Аннотация: Зарисовка на бюро. Конкурсное, темы здесь две (условно) "Черное с белым смотрится дивно" и "У нас слишком долго все хорошо".
- Черное с белым смотрится дивно, - в тягучем голосе Лукавого откровенная насмешка, и он не намерен ее скрывать. Пальцы замирают, словно наливаясь свинцом. Мне не нравится эта фраза. Что довольно странно - я давно перестал обращать внимание на такие ничем не спровоцированные комментарии Лукавого, и он не может об этом не знать.

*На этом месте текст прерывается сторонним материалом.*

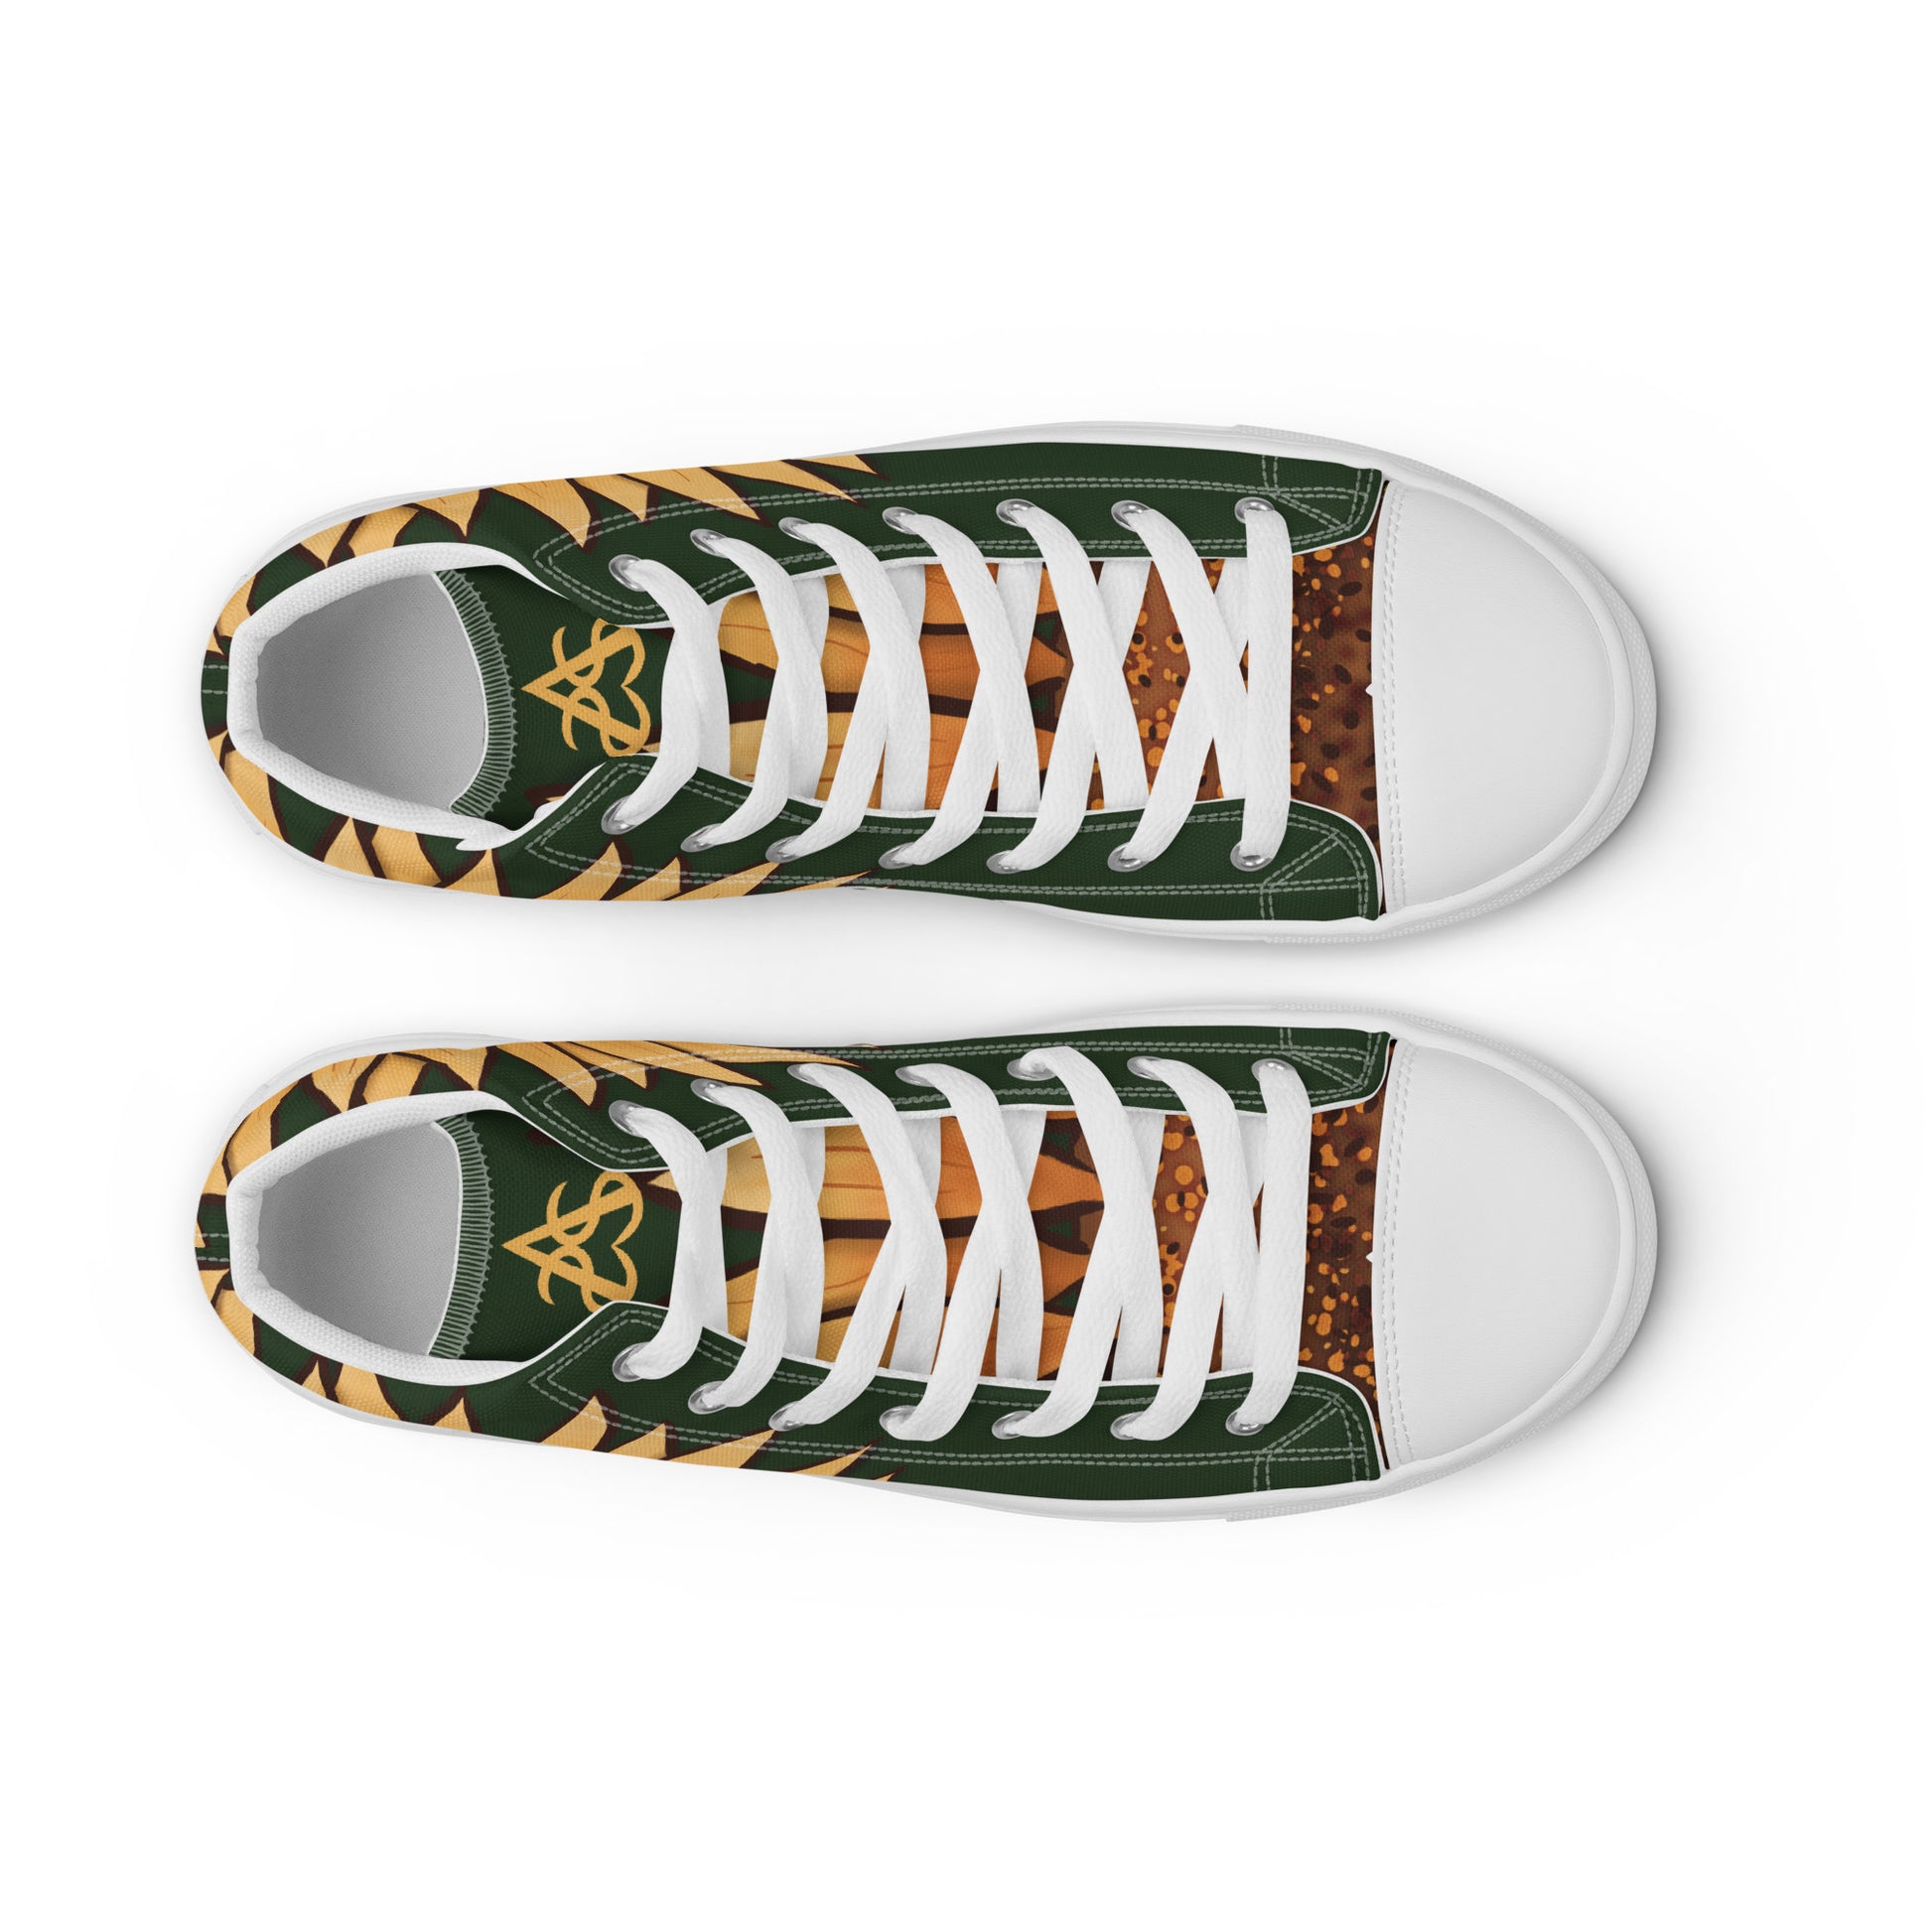 Top view: a dark green high top shoe with a large sunflower painting on the side, the middle starting around the heel and the petals wrapping around the side of the shoe, almost to the laces.

Кто разберет, когда он пытается что-то сообщить, а когда просто глумится, что с ним случается чаще.
- Диииивно, - тянет он, и я понимаю, что он имеет в виду вовсе не клетчатый шарф, который я уже несколько минут пытаюсь завязать перед зеркалом. Лукавый всегда почему-то считал его безвкусным. Сегодня похолодало. И его слова звучат у меня в ушах, обычные слова, только мне отчего-то не по себе. Словно проглотил ледяную капсулу, и она медленно ползет вниз по горлу. Так бывает, когда предчувствие опережает связную мысль, или когда вдруг накатывает страх - еще не знаешь, что напугало, а паника уже бросается кровью в ноги, заставляя бежать...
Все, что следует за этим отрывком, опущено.